Medicare patients receiving care at the nation’s 1,300 “critical access” hospitals pay far more out-of-pocket than those who are treated at other acute care facilities, according to a recent analysis by the Wall Street Journal.

The analysis found astonishing differences in co-pays charged to beneficiaries at regular hospitals and critical care facilities, which are located in rural areas at least 35 miles from the nearest hospital, are supposed to have no more than 25 beds for inpatient care, and are not supposed to keep patients for more than 96 hours at a time.

Some of the big differences the analysis found:

  • Medicare patients at critical access hospitals were hit with an average copay of $1,926 for outpatient hernia surgery in 2013, compared to $562 at other hospitals.
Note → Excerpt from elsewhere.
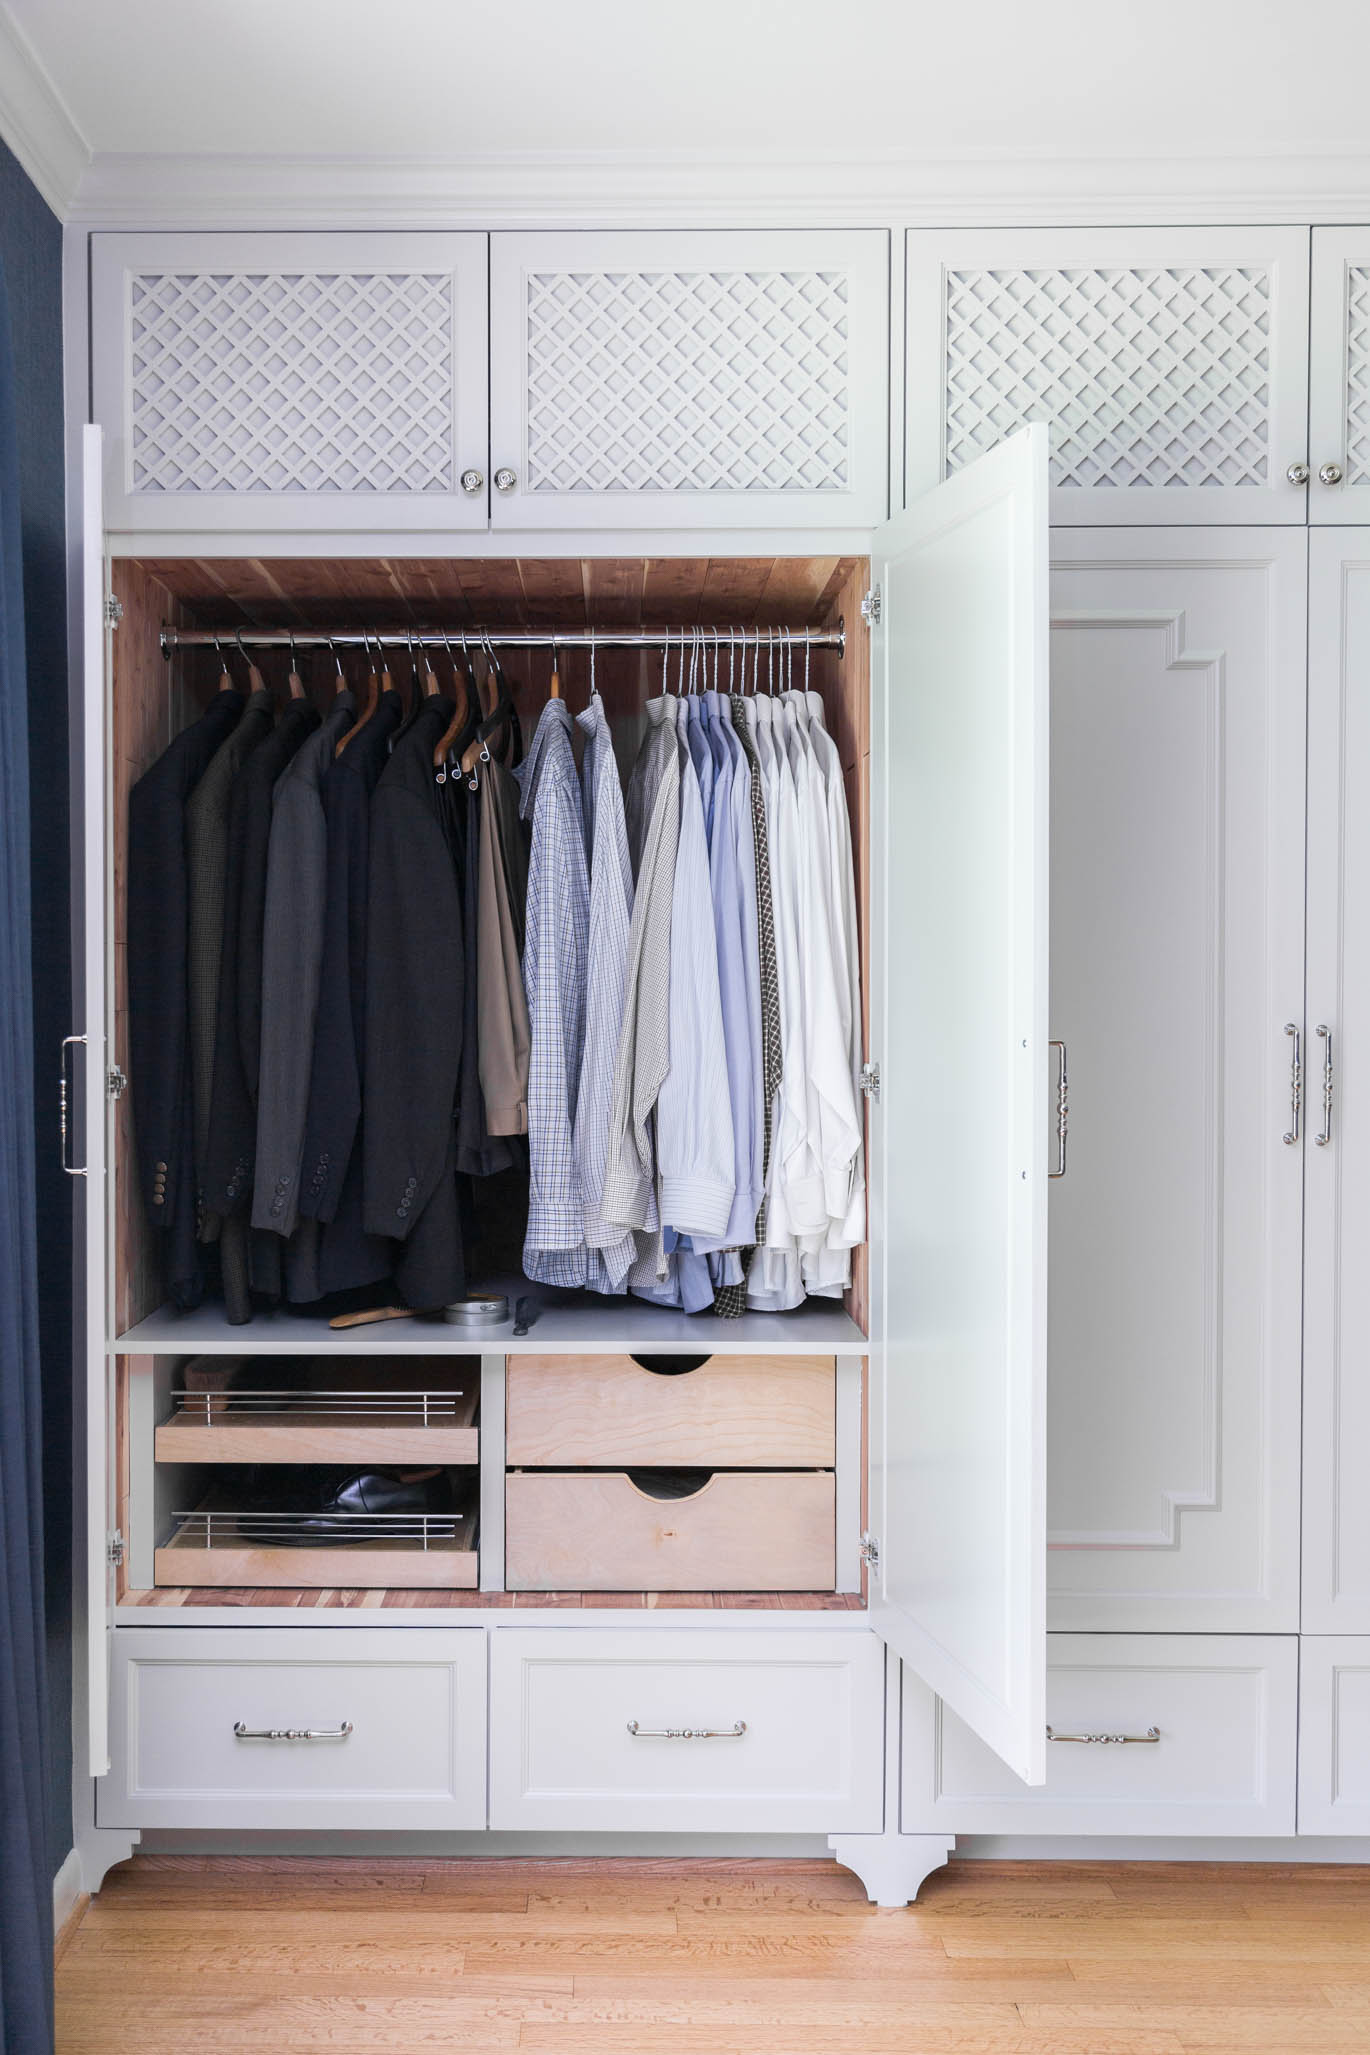 Master bedroom closet in cabinetry  Designer-Carla Aston, Photographer- Tori Aston #wardrobecloset #customcabinetry #closet

  • Medicare patients at critical access hospitals paid an average of $2,272 for bunion surgery, compared to an average of $780 elsewhere.

  • Medicare patients at critical access hospitals paid an average of $840 for colonoscopies, compared to $270 elsewhere.

What’s up with the big differences?

Medicare requires patients at critical care facilities to pay 20 percent of the total hospital cost, while elsewhere it simply mandates they pay a certain percentage of the fee that it has negotiated with hospitals.

Those fees, which are set in stone, are typically far lower than what critical access facilities charge for services.

While Medicare pledges to pay 101 percent of “reasonable costs” charged by critical access facilities, the definition of “reasonable” is obviously somewhat elastic.

Indeed, according to a recent study by the Medicare Payment Advisory Commission found that non-critical access hospitals’ margins on Medicare patients was -5.4 percent. But when critical access hospitals were included in the overall sample, average hospital margins rose to 1.2 percent.

According to the Wall Street Journal, many critical access facilities are found in the Midwest, while some densely populated states, such as New Jersey, Connecticut, Rhode Island, Delaware and Maryland, have none.